2.1.2.3 Undirected Mobility
The harder challenge is faced by connection impoverished networks in environments of undirected mobility, since mobility patterns are less
predictable. Because of the scarcity of links, global topology cannot be determined. Since there is no expectation of directly encountering the
destination of each message, and topology is not available to advise routing decisions, messages are cooperatively relayed via encountered
peers. Strategies turn to replication instead, relaying messages to more than one peer to increase chances of delivery. However, in addition to
increasing the chances for delivery, replication also adds a burden to participants' limited storage resources as messages are queued through
the duration of link scarcity. (Recall our assumptions of cooperative relay and limited storage.)
The extreme case of replication, Epidemic[13] , relays a copy of every message in inventory to every peer encountered. In small populations with
low message load, this strategy is effective. However, such unbounded replication has consequences for both storage and bandwidth resources
as population size grows or message load increases. Epidemic cannot scale in networks of nodes with limited storage and bandwidthchallenged links: more storage resources are consumed queuing messages, and links are choked with the bandwidth requirements of
replication.
A modified replication strategy, Probabilistic Routing Protocol using History of Encounters and Transitivy (PRoPHET [14][9] ) proposes
optimizations to Epidemic to scale to higher message load and larger populations. PRoPHET introduces a queuing policy to prevent storage
utilization beyond a user configured quota. Forwarding decisions are guided by a heuristic that estimates the probability of future encounters for
each message's destination; messages are only relayed to peers with higher probability of encountering the message destination.
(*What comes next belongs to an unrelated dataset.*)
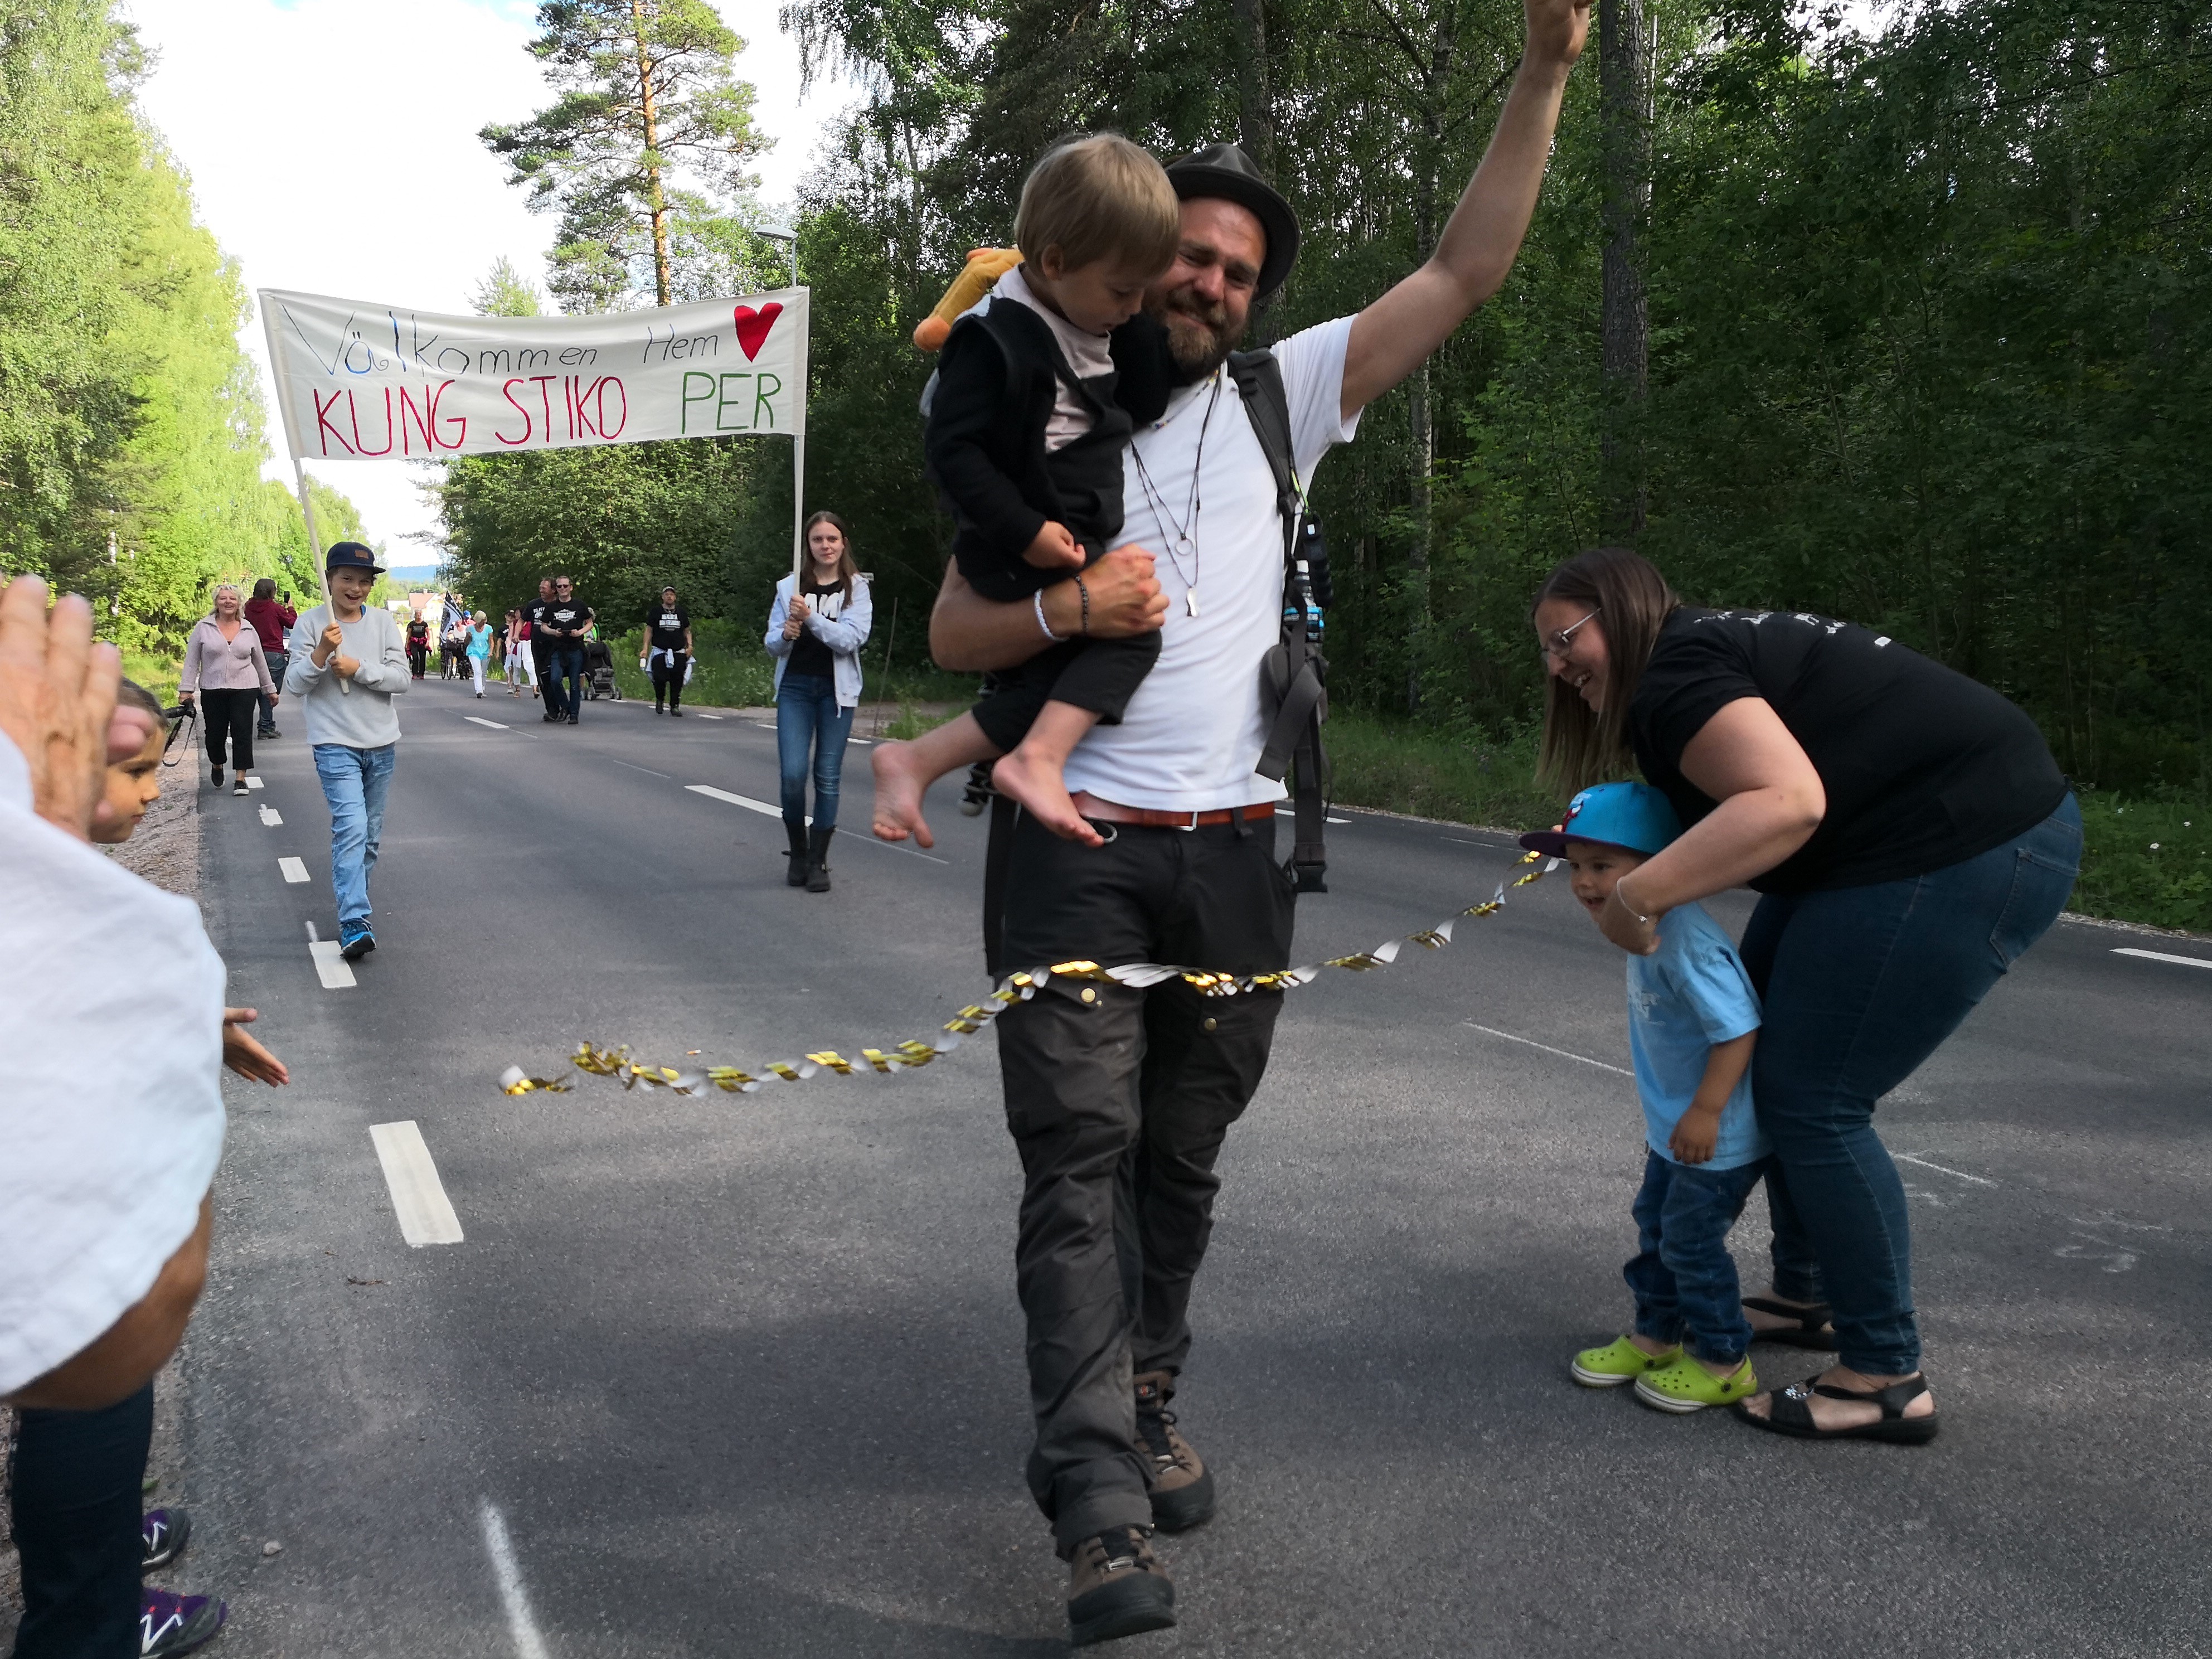 Stiko Per är framme i Leksand efter 80 mil till fots och över en miljon kronor till Barncancerfonden. Foto: Lina Rörvall.
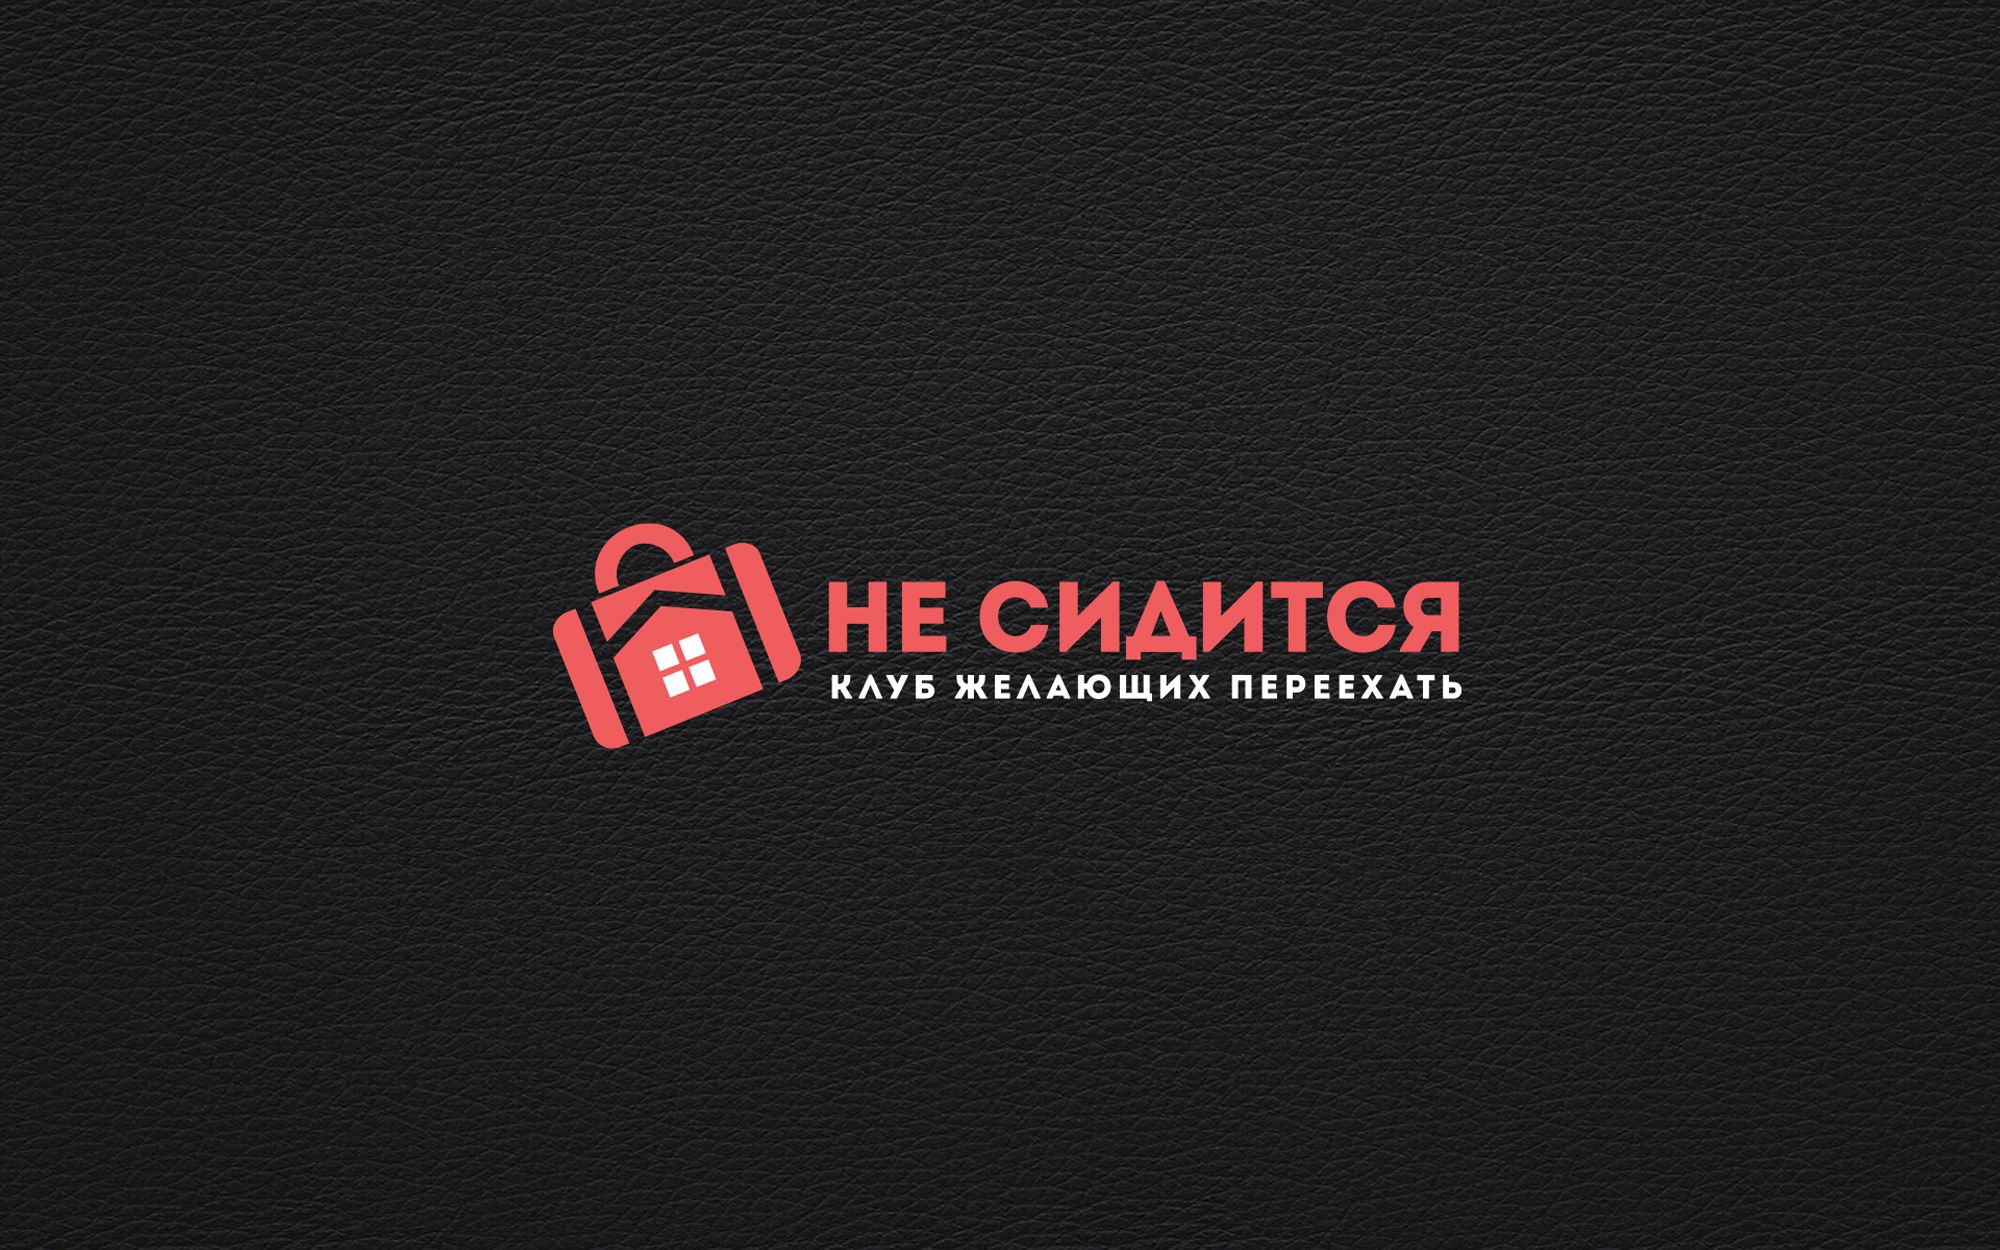 Логотип для интернет-проекта Не сидится - дизайнер Alphir

Observing that human mobility is non-random, PRoPHET tracks the history of encounters with peers as an indicator for the probability of future
meetings. This predictability metric also advises the queuing policy, which optimizes quota enforcement against delivery probability. Transitive
routes are learned by exchanging routing information bases between peers. If peers are not encountered very often, then their routes should
reflect a lower probability; this is accomplished by periodically aging the learned routes.